Malaria is still a serious disease that kills hundreds of thousands of people every year. Previous studies of the protein Aminopeptidase N1 (APN1).Anopheles gambiae(the main malaria vector in Africa) revealed that it is a receptor for the sexual stage ofPlasmodium falciparumin the midgut of this mosquito and can be inhibited by polyclonal antibodies produced against the N-terminus of this protein. Despite its importance, this gene and its protein have not yet been characterizedAnopheles stephensi(the main malaria vector in the eastern Mediterranean regions and Indochina). In this article, the total APN1 cDNA ofAnopheles stephensi(APN1As) were identified using Rapid Amplification of cDNA Ends (RACE), real-time PCR was used to evaluate the amount of mRNA level after blood feeding, and various bioinformatic tools were used for further characterization of identified sequences. The result showed that this protein is very similar to that of aminopeptidase N1 ofAnopheles gambiae, especially in the N-terminal part of this protein. Also, the expression level of this gene increases significantly after blood feeding. Therefore, since this gene and its protein have close similarity to APN1Ag, if biological tests confirm it, it could be a candidate for transmission-blocking vaccines in malaria-endemic countries.

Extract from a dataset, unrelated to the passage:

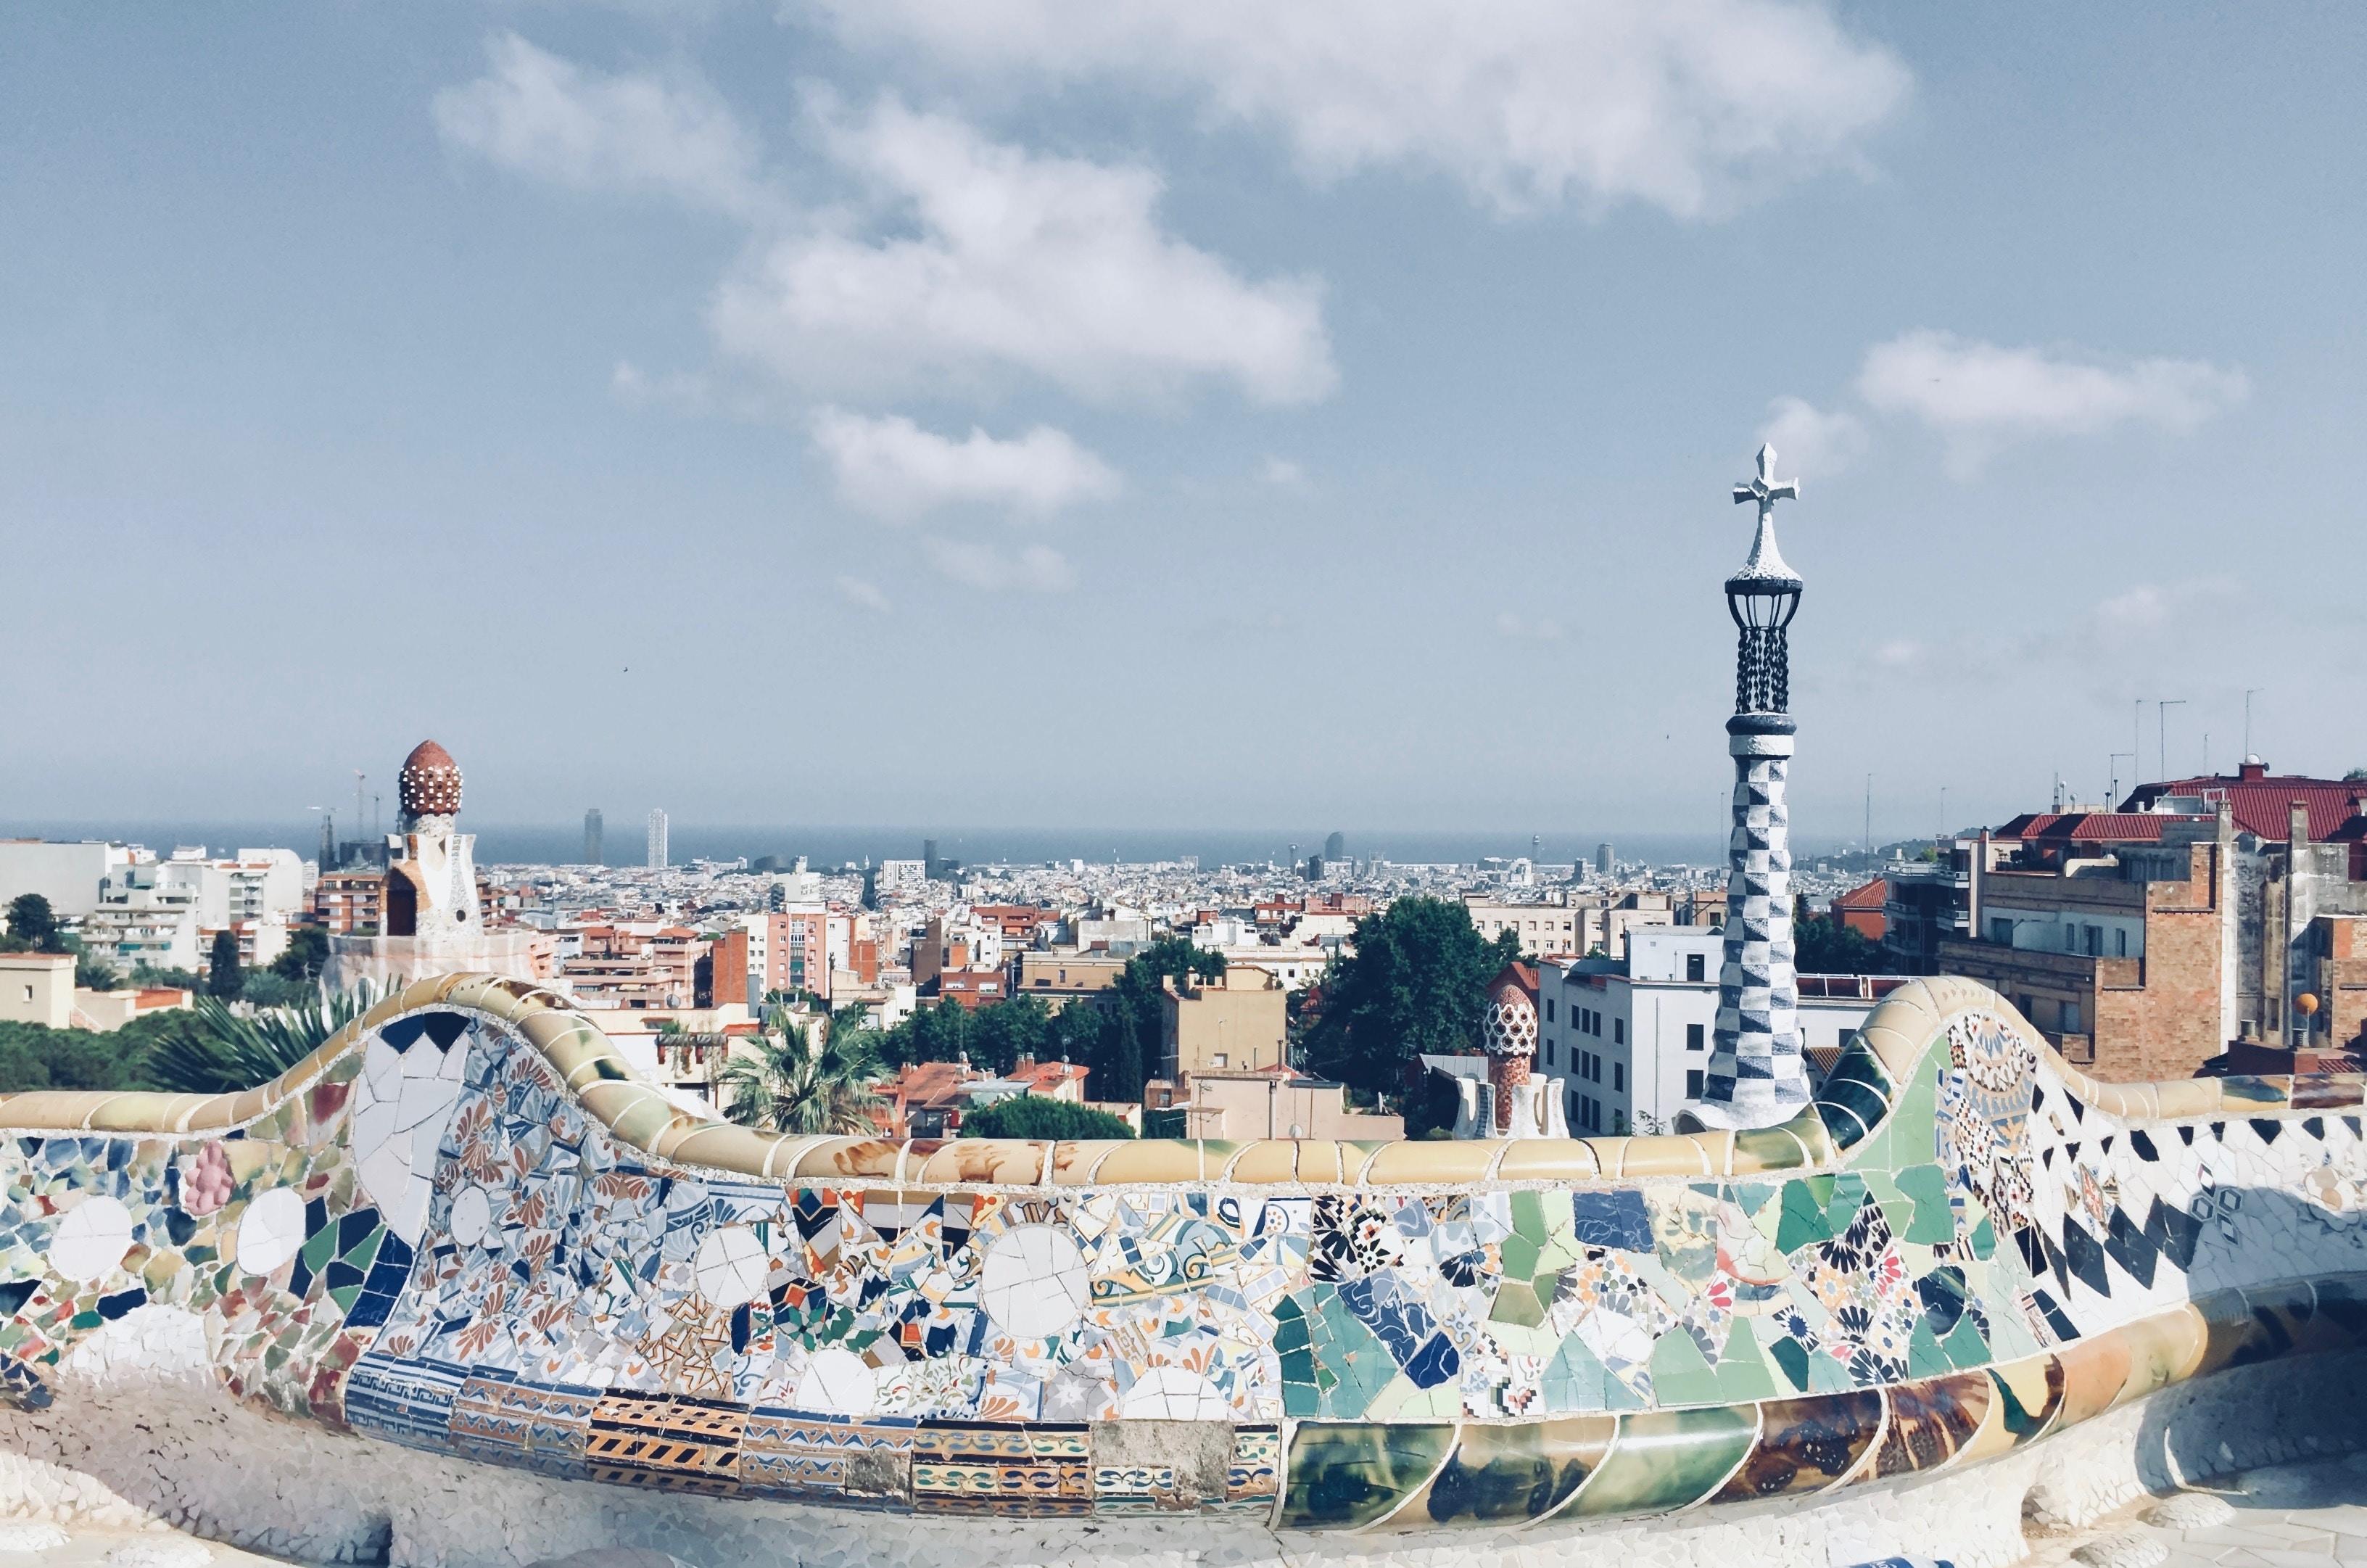 Visita il Parc Güell e tutto ciò che puoi scoprire in una vacanza a Barcellona

Gene Reports, bind 5, 2016, s. 51-56

Chalcone synthase (CHS, E.C. 2.3.1.74) is a key enzyme in the biosynthetic pathway leading to the production of flavonoids. Although CHS has been systematically studied in various plant species, including maize, rice and Arabidopsis, no systematic analyzes have been performed in industrial crops.The most common linenL. In this study, we identified nine CHS genes from the flax genome by analysis of multiple alignment, phylogenetic relationships and protein motif. The phylogenetic analysis revealed that flax CHS (LuCHS) 1, 2, 8 and 9 clustered with CHS-like (CHSL) gene group, while the CHS group contained the remaining LuCHS proteins. To establish detailed expression data for the LuCHS gene family, cells grown in flax were treated with salicylic acid, methyljasmonic acid, chitosan and pectin. LuCHSs in the CHS gene group were strongly up-regulated by stress-related stimuli, while other genes in groups in the CHSL group were slightly up- or down-regulated, indicating a divergence in the function of LuCHSs. Taken together, our comparative and expression analysis of CHS genes and encoded proteins in flax provides the first step towards the functional dissection of the CHS gene family in response to different stimuli.